● **Your goal**:
A word-for-word copy of the listing is what's needed; leave out every image.

● **Available data**:

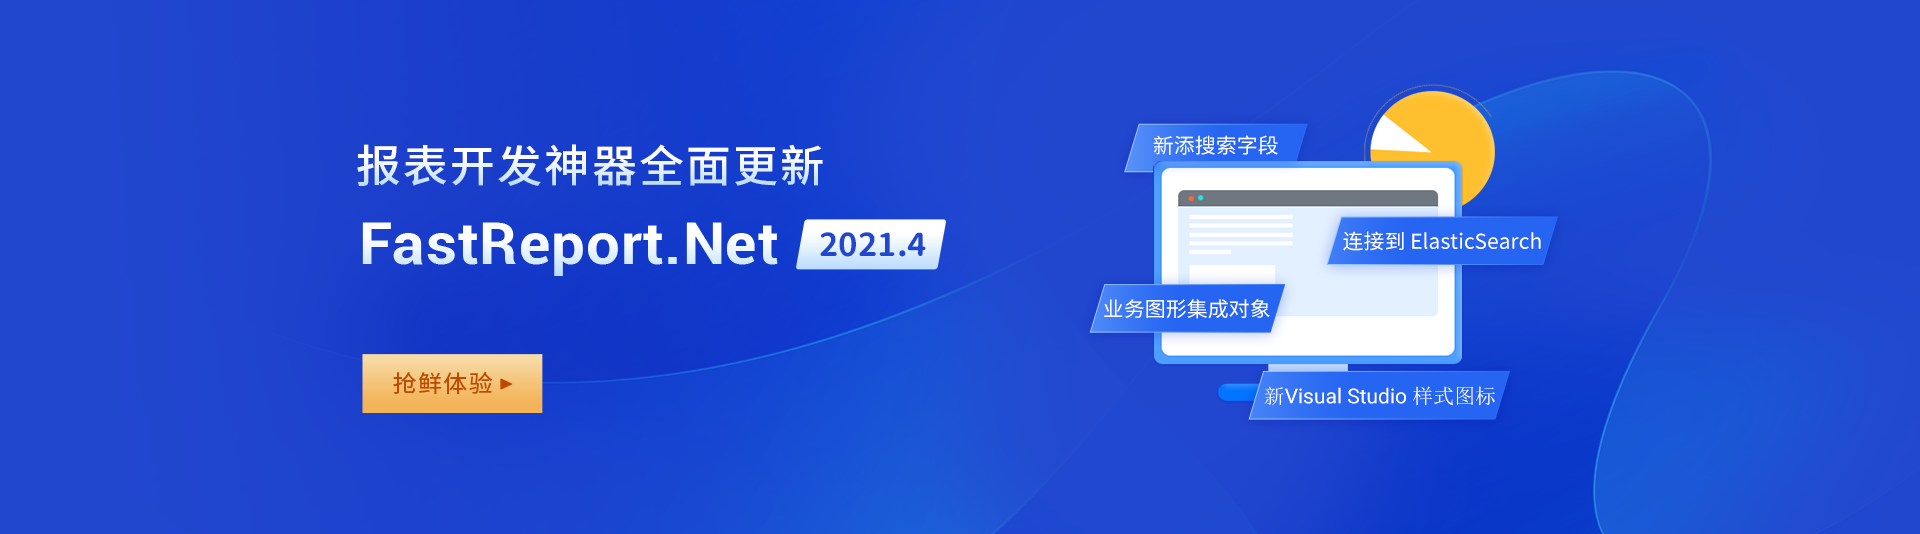 FastReport .net v2021.4更新
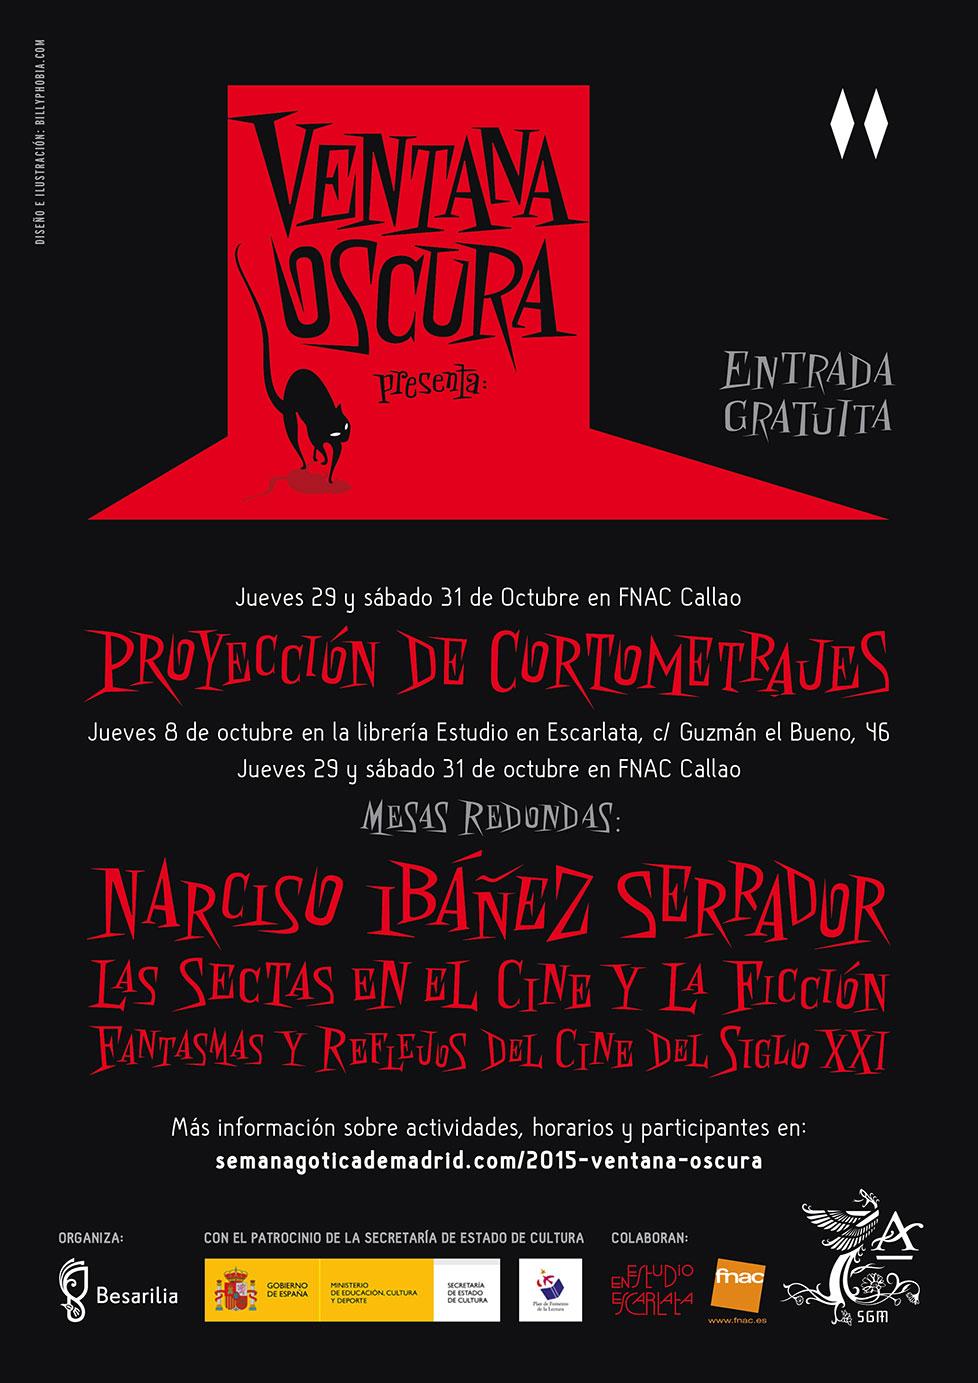 Cartel de la séptima edición de Ventana Oscura de la Semana Gótica de Madrid diseñado por Billyphobia
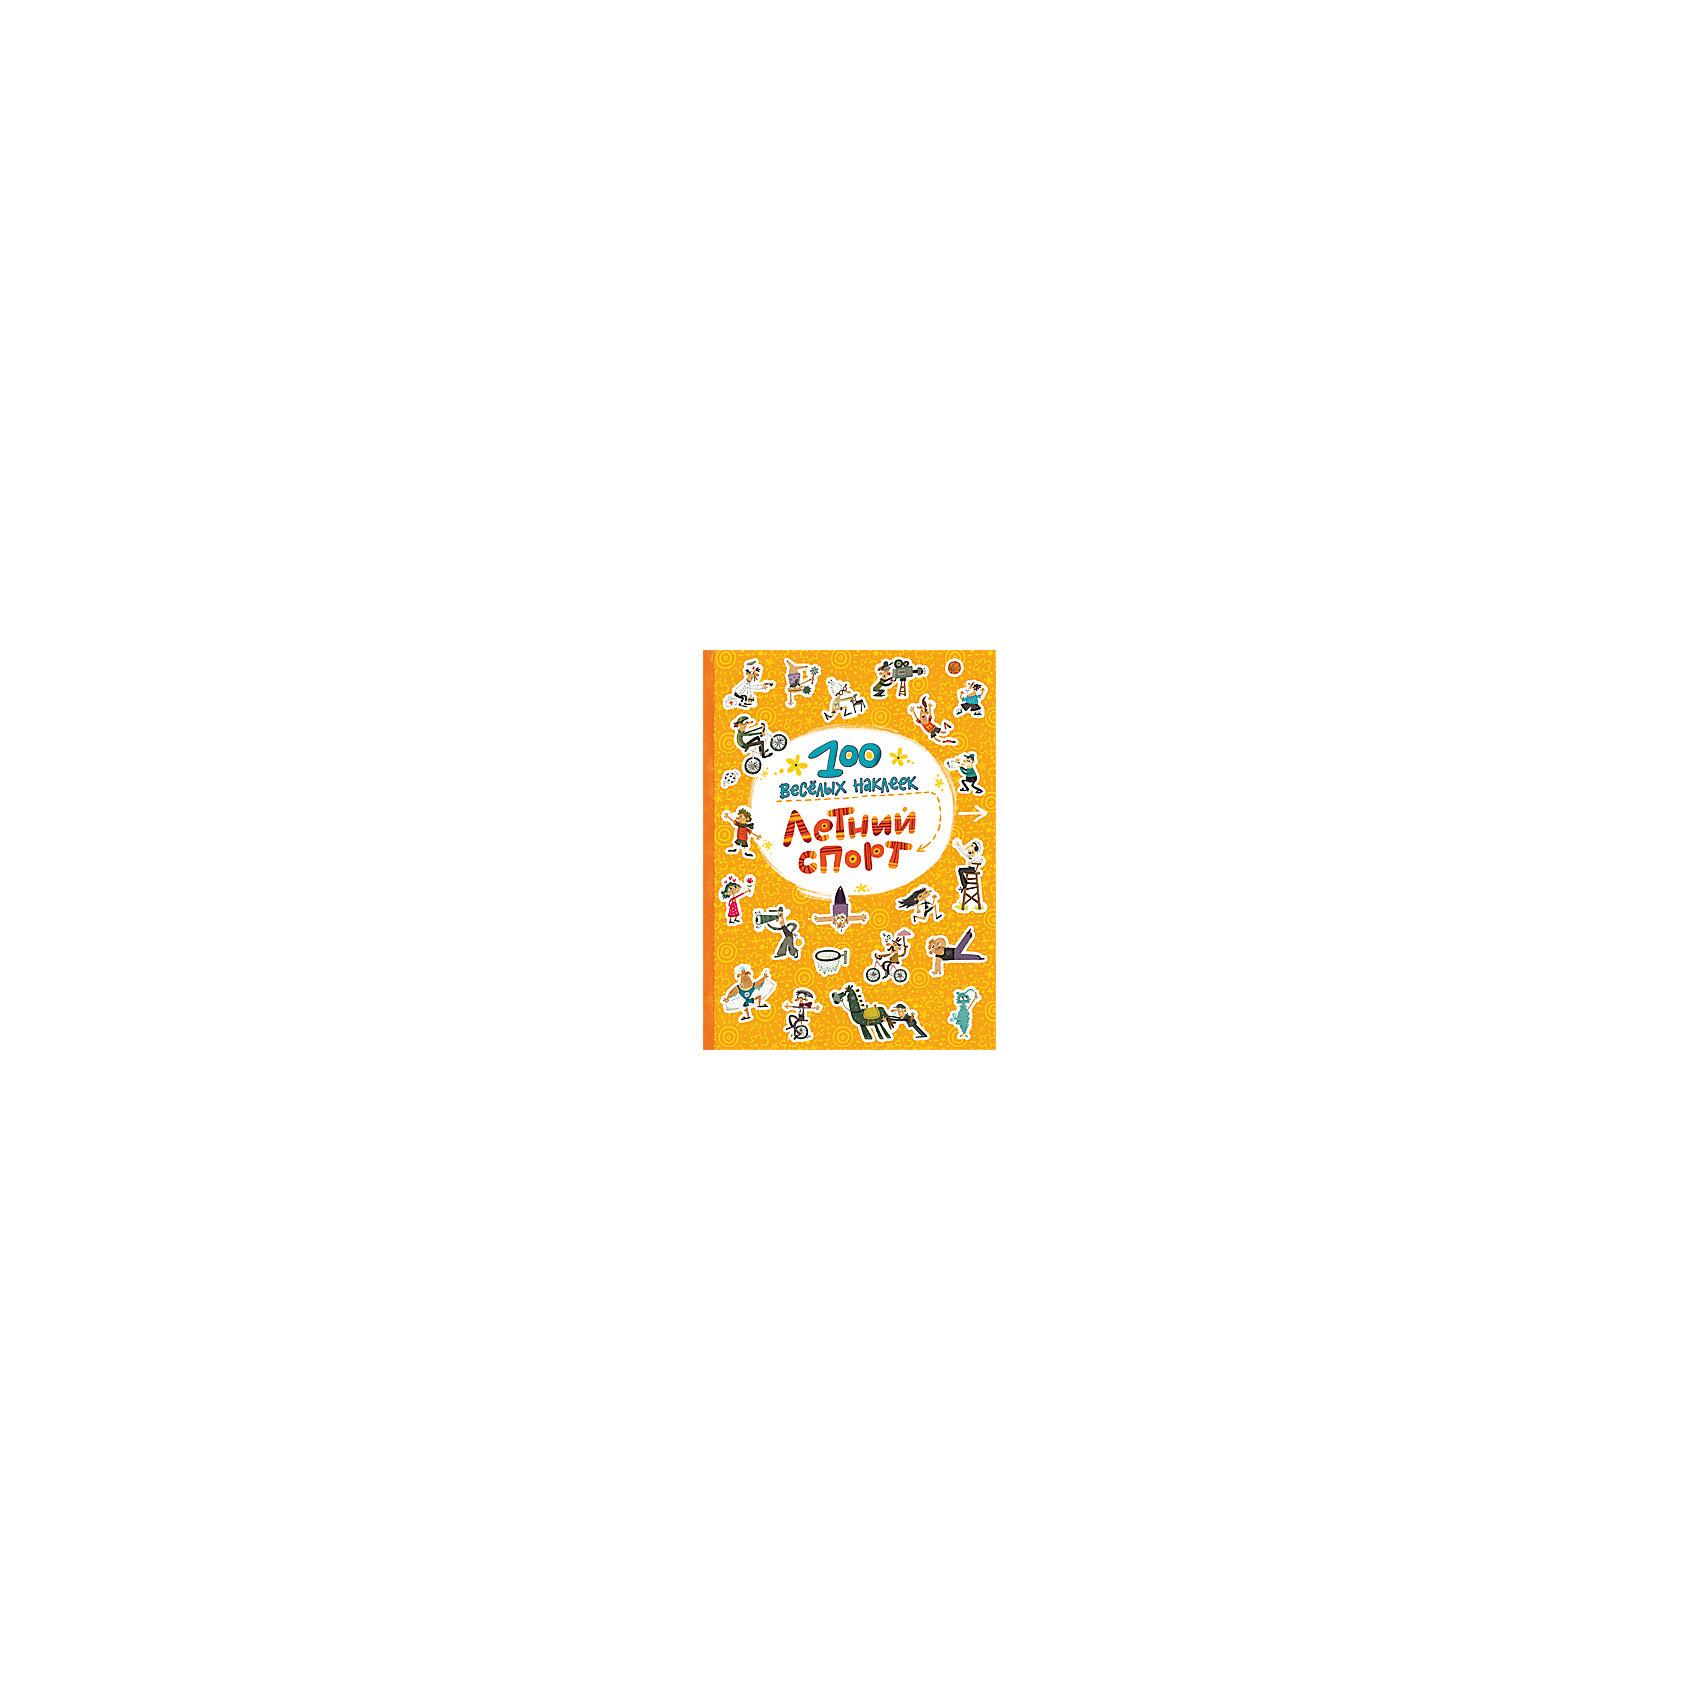 Книга «Летний спорт» из серии «100 веселых наклеек», Мозаика-СинтезКнижки с наклейками<br>Книга «Летний спорт» из серии «100 веселых наклеек», Мозаика-Синтез.<br><br>Характеристики:<br><br>• Издательство: МОЗАИКА-СИНТЕЗ<br>• ISBN: 978-5-43150-912-4<br>• Тип: книга с многоразовыми наклейками.<br>• Раздел знаний: ознакомление с окружающим миром.<br>• Возраст: 5-7лет.<br>• Размер книги: 325х235 мм.<br>• Количество страниц: 16.<br><br>Замечательная красочная книга «Летний спорт» из серии «100 веселых наклеек» познакомит Вашего ребенка с летними олимпийскими видами спорта. На страницах книги, изображающих теннисный корт, футбольное поле, бассейн, велосипедную трассу, баскетбольную площадку и др., нужно расположить 100 веселых многоразовых наклеек – теннисистов, гимнастов, велосипедистов, футболистов, пловцов и многих других спортсменов.<br><br>Забавные стихи расскажут маленькому читателю о каждом виде спорта, а яркие многоразовые наклейки превратят процесс обучения в веселую игру. Занятия с наклейками способствуют расширению кругозора, развитию мелкой моторики, координации движений, фантазии и воображения.<br><br>Книгу «Летний спорт» из серии «100 веселых наклеек», Мозаика-Синтез, можно купить в нашем интернет – магазине<br><br>Ширина мм: 2<br>Глубина мм: 235<br>Высота мм: 325<br>Вес г: 173<br>Возраст от месяцев: 60<br>Возраст до месяцев: 84<br>Пол: Унисекс<br>Возраст: Детский<br>SKU: 5428891

● **Answer to this problem**:
 FastReport .net v2021.4更新
 Cartel de la séptima edición de Ventana Oscura de la Semana Gótica de Madrid diseñado por Billyphobia
 Книга «Летний спорт» из серии «100 веселых наклеек», Мозаика-СинтезКнижки с наклейками<br>Книга «Летний спорт» из серии «100 веселых наклеек», Мозаика-Синтез.<br><br>Характеристики:<br><br>• Издательство: МОЗАИКА-СИНТЕЗ<br>• ISBN: 978-5-43150-912-4<br>• Тип: книга с многоразовыми наклейками.<br>• Раздел знаний: ознакомление с окружающим миром.<br>• Возраст: 5-7лет.<br>• Размер книги: 325х235 мм.<br>• Количество страниц: 16.<br><br>Замечательная красочная книга «Летний спорт» из серии «100 веселых наклеек» познакомит Вашего ребенка с летними олимпийскими видами спорта. На страницах книги, изображающих теннисный корт, футбольное поле, бассейн, велосипедную трассу, баскетбольную площадку и др., нужно расположить 100 веселых многоразовых наклеек – теннисистов, гимнастов, велосипедистов, футболистов, пловцов и многих других спортсменов.<br><br>Забавные стихи расскажут маленькому читателю о каждом виде спорта, а яркие многоразовые наклейки превратят процесс обучения в веселую игру. Занятия с наклейками способствуют расширению кругозора, развитию мелкой моторики, координации движений, фантазии и воображения.<br><br>Книгу «Летний спорт» из серии «100 веселых наклеек», Мозаика-Синтез, можно купить в нашем интернет – магазине<br><br>Ширина мм: 2<br>Глубина мм: 235<br>Высота мм: 325<br>Вес г: 173<br>Возраст от месяцев: 60<br>Возраст до месяцев: 84<br>Пол: Унисекс<br>Возраст: Детский<br>SKU: 5428891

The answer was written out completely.